CTI receives positive reception from EMEA clinical experts for pixantrone MAA

Cell Therapeutics, Inc.Apr 28 2010

Cell Therapeutics, Inc. ("CTI" or the "Company") (Nasdaq and MTA: CTIC) today reported recent accomplishments and financial results for the first quarter ended March 31, 2010.

"It was encouraging to receive a positive reception from the European Medicinal Agency's (EMEA) clinical experts regarding our plans to submit a Marketing Authorization Application (MAA) for pixantrone in the European Union. Concurrently, we are working with leading lymphoma treatment practices across the U.S. and look forward to working with the U.S. Food and Drug Administration (FDA) on the design of a follow-on pivotal clinical trial in an effort to fulfill the requirements for marketing approval of pixantrone in the U.S.," said James A. Bianco, M.D., Chief Executive Officer of the Company. "We firmly believe that given the strength of evidence across clinically meaningful primary and secondary endpoints that pixantrone would fulfill a significant unmet medical need for patients who have no other approved options through establishing an expanded access program in the U.S. We remain committed to patients with non-Hodgkin's lymphoma (NHL) and in bringing this important new therapeutic option to them in as expeditious manner as possible."

Recent Highlights

• In preparation for its submission of a MAA for pixantrone in Europe, the Company met with the EMEA's Committee for Medicinal Products for Human Use (CHMP) clinical experts (rapporteurs) and the EMEA's medical reviewers. Discussion and feedback from those meetings was supportive of filing the MAA on the basis of the PIX301 trial. The Company expects to submit the MAA in the second half of 2010.
• The Company met with the EMEA's Pediatric Committee (the "PDCO") who recommended that the Company should submit an updated Pediatric Investigation Plan ("PIP") for pixantrone following discussions about the preclinical and clinical pixantrone data, including PIX301, and the desire to explore the potential benefits pixantrone may offer to children with hematologic cancers. The Company expects to submit a revised PIP to the EMEA by the end of the second quarter of 2010.
• The Company successfully raised gross proceeds of $30 million in January 2010 and additional gross proceeds of $20 million in April 2010 through financings with institutional investors.
• The Company implemented a cost reduction plan in April 2010, aimed at reducing planned operating expenses that are expected to result in savings of approximately $16 million in 2010. The Company's total projected operating expenses, excluding equity based compensation, are expected to be approximately $60 million in 2010, which is a 21% reduction from its previously projected estimates. As a result of reducing these expenses, the Company is targeting an average net operating burn rate of approximately $4.4 million per month starting in the second quarter of 2010.

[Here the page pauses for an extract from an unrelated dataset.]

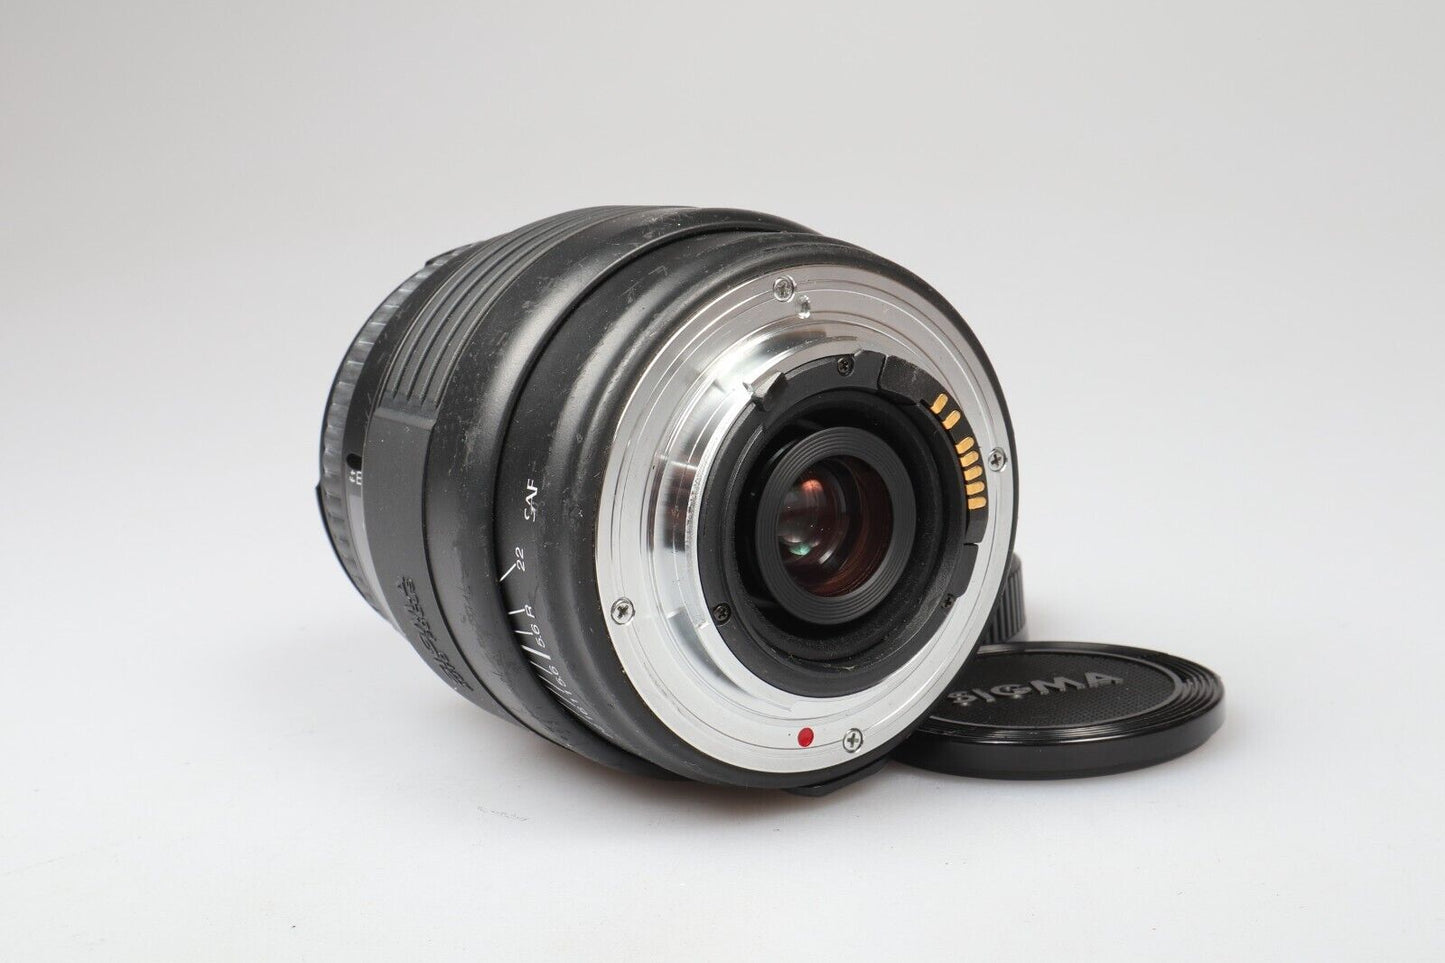 Sigma UC-zoomlens | 70-210 mm f4-5.6 | SA-montage 
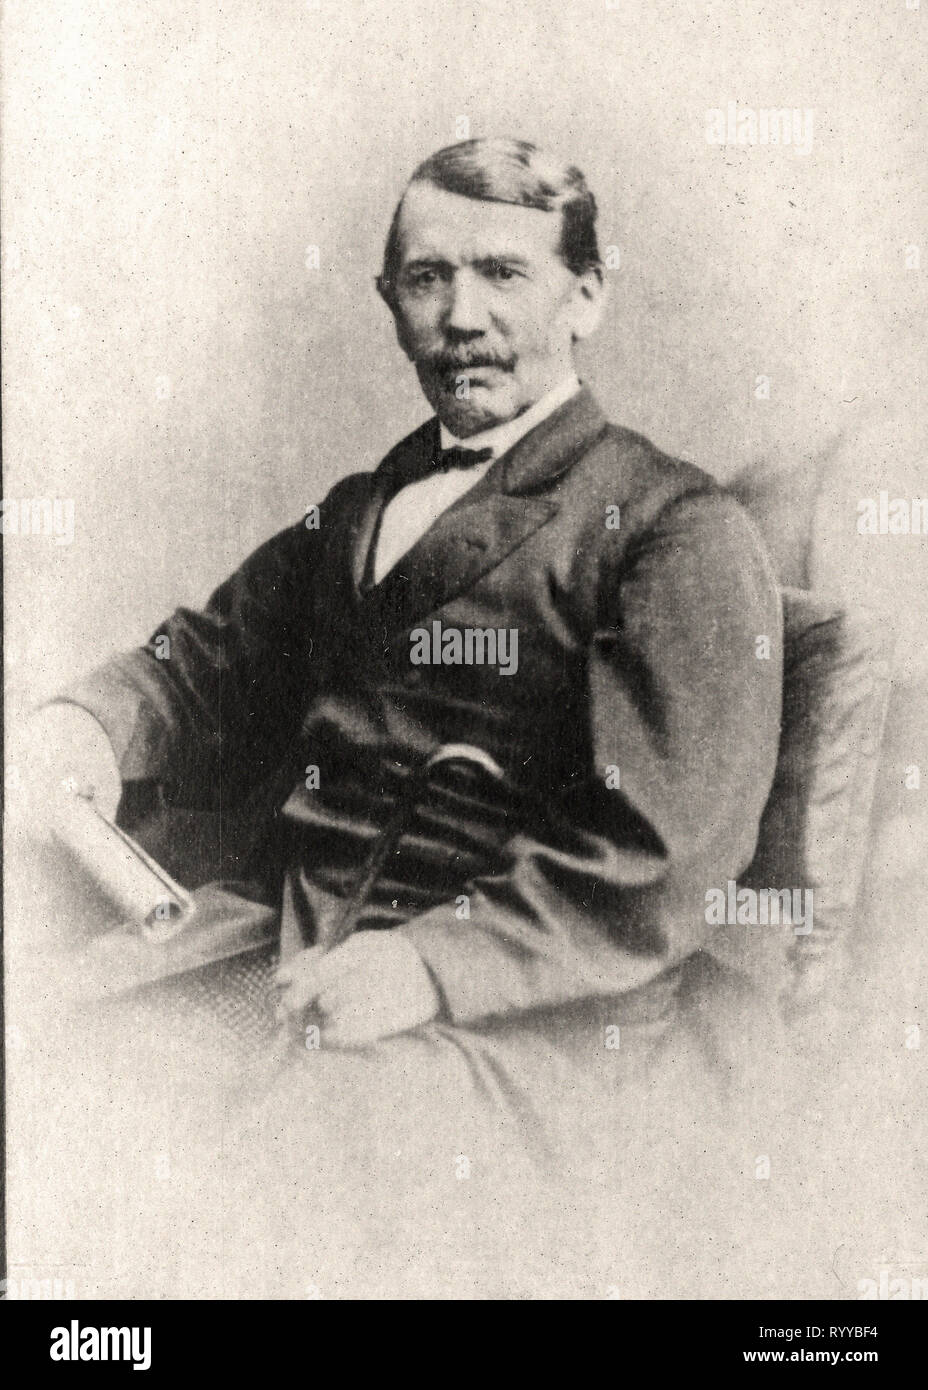 Retrato fotográfico de Livingstone de la colección Félix Potin, de principios del siglo XX. Foto de stock

For the quarter ended March 31, 2010, total net operating expenses were $25.8 million compared to $6.6 million for the same period in 2009. The increase in total net operating expenses is mainly a result of expenses related to preparation for the potential pixantrone regulatory approval in the U.S. and Europe, a $7.8 million non-cash equity-based compensation expense recognized in 2010, and a $10.2 million gain on the sale of the Company's  investment in the Zevalin joint venture that was recognized in 2009. Research and development expenses decreased to $7.4 million compared to $8.0 million for the same period in 2009. Net loss attributable to common shareholders was $44.2 million ($0.07 per share) for the quarter ended March 31, 2010 compared to a net loss attributable to common shareholders of $13.1 million ($0.05 per share) for the same period in 2009.

CTI had approximately $41.5 million in cash and cash equivalents as of March 31, 2010. This does not include approximately $18.5 million in net proceeds the Company received in April 2010 in connection with a registered offering of preferred stock and warrants.